Now you can directly proceed to the Imaginary Camera Dataset Generation section to create augmented data before training or evaluation.

Option B: Generate preprocessed data from scratch

You need to create a dataset directory at ../ relative to your project root. The following structure is expected within ../dataset/ for each dataset before running the preprocessing scripts.

DNG Files for Preprocessing

For preprocessing, this repository provides a set of DNG files in the /dngs directory. These DNG files should be copied to the appropriate dng folders for each dataset (e.g., ../dataset/cube+/dng/, ../dataset/NUS-8/[Camera]/dng/, ../dataset/Intel-TAU/[Camera]/).

The reason for providing these DNG files is that the official datasets do not always include DNG files:

The NUS dataset provides RAW files in various proprietary formats (e.g., CR2, ARW, NEF, etc.) rather than DNG.

The Intel-TAU dataset only provides PNG images and does not include RAW or DNG files. To facilitate preprocessing, all necessary DNG files have been collected and converted using Adobe DNG Converter and web search, and are provided in this repository for your convenience.

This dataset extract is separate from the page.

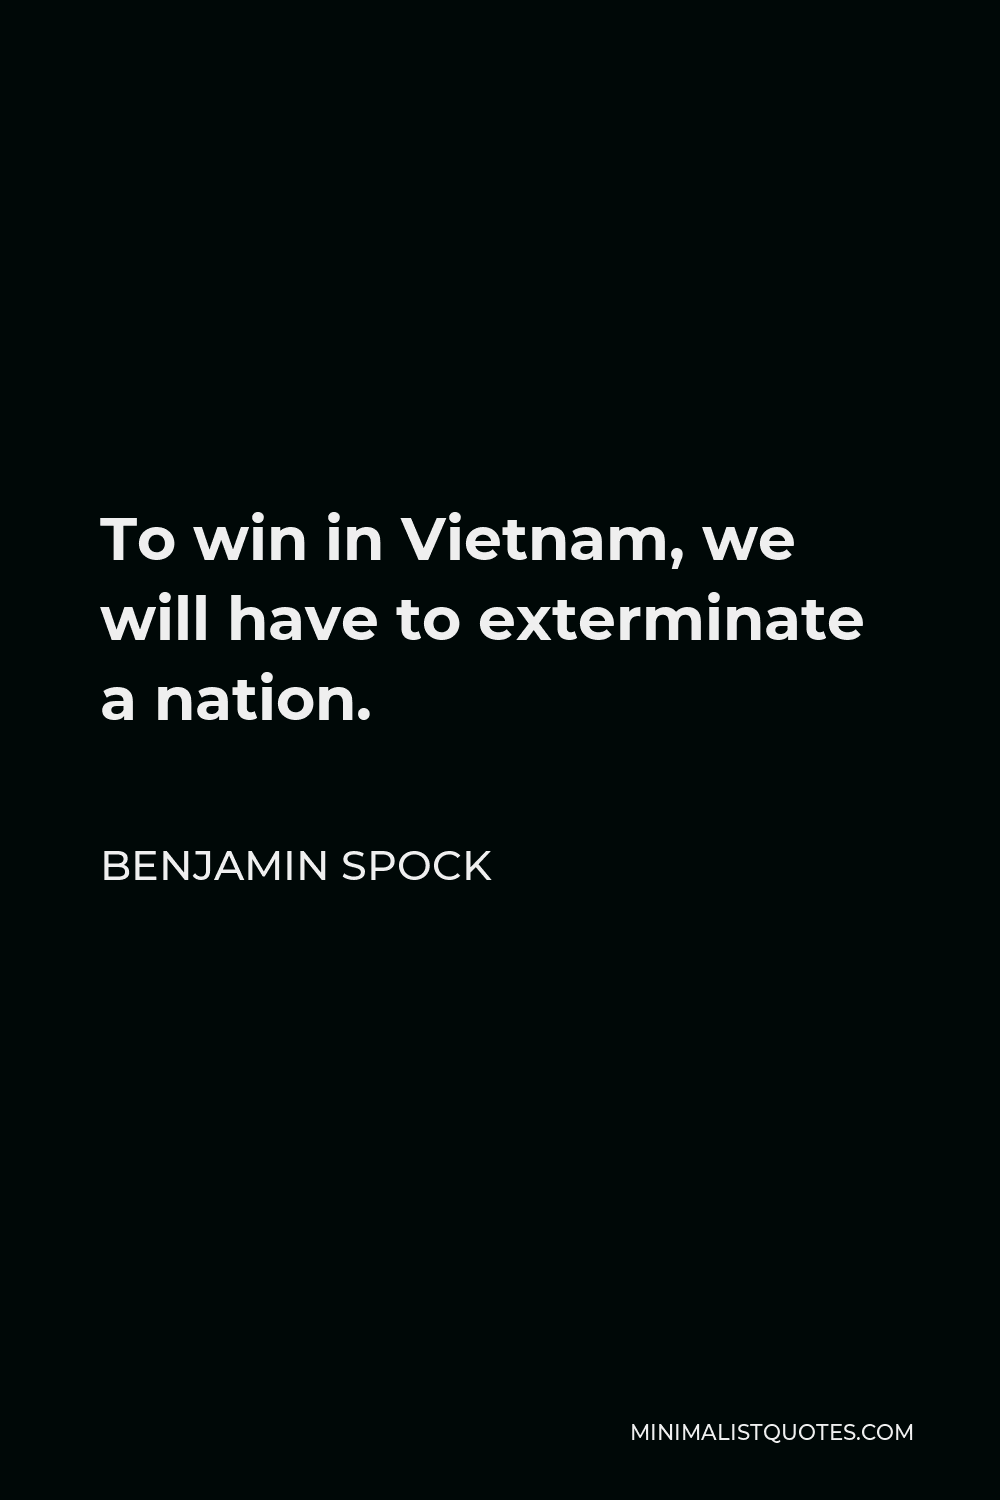 Benjamin Spock Quote - To win in Vietnam, we will have to exterminate a nation.

Before running any preprocessing script, please make sure to copy the DNG files from /dngs to the corresponding locations in each dataset directory as required by the preprocessing scripts.

1. NUS-8 Dataset

Expected path: ../dataset/NUS-8/

The preprocessing script data_scripts/preprocess_NUS_mp.py expects the following structure for each camera:

../dataset/NUS-8/
├── Canon1DsMkIII/              # Example camera directory
│   ├── dng/
│   │   └── *.dng              # At least one DNG file for calibration metadata
│   ├── PNG/
│   │   └── *.PNG              # All raw images in PNG format for this camera
│   └── Canon1DsMkIII_gt.mat   # Ground truth illuminant and MCC coordinates
├── Canon600D/                  # Other cameras follow the same structure
├── NikonD5200/
├── SamsungNX2000/
├── SonyA57/
├── FujifilmXM1/
├── OlympusEPL6/
└── PanasonicGX1/

2. Cube+ Dataset

Expected path: ../dataset/cube+/

The preprocessing script data_scripts/preprocess_Cube_mp.py expects the following structure for the Canon550D camera:

../dataset/cube+/
├── dng/
│   └── *.dng          (At least one DNG file for Canon550D calibration)
├── PNG/
│   └── *.PNG          (All raw images in PNG format)
└── cube+_gt.txt       (Ground truth illuminant data)

3. Intel-TAU Dataset

Expected path: ../dataset/Intel-TAU/

The preprocessing script data_scripts/preprocess_Intel_mp.py expects the following structure for each camera:

../dataset/Intel-TAU/
├── Canon_5DSR/                # Example camera directory
│   ├── *.dng                 # At least one DNG file for calibration
│   ├── field_1_cameras/      # Each scene type has TIFF images and white point data
│   │   ├── *.tiff
│   │   └── *.wp             # White point data for corresponding TIFFs
│   ├── field_3_cameras/
│   │   ├── *.tiff
│   │   └── *.wp
│   ├── lab_printouts/
│   │   ├── *.tiff
│   │   └── *.wp
│   └── lab_realscene/
│       ├── *.tiff
│       └── *.wp
└── Nikon_D810/               # Other cameras follow the same structure

Note: The script is currently configured to process Canon_5DSR and Nikon_D810. The IMX135-BLCCSC camera is not included in training/testing as its CCM (Color Correction Matrix) is not provided.

4. Gehler-Shi Dataset

Expected path: ../dataset/Gehler_Shi/

The preprocessing script data_scripts/preprocess_Gehler_mp.py expects the following structure:

../dataset/Gehler_Shi/
├── Canon1D/
│   ├── dng/
│   │   └── *.dng       (At least one DNG file for calibration)
│   └── png/
│       └── *.png       (All raw images in PNG format for this camera)
├── Canon5D/
│   ├── dng/
│   │   └── *.dng
│   └── png/
│       └── *.png
├── coordinates/
│   └── *_macbeth.txt (Macbeth ColorChecker coordinates for each image)
└── real_illum_568.mat (Ground truth illuminant data for all images)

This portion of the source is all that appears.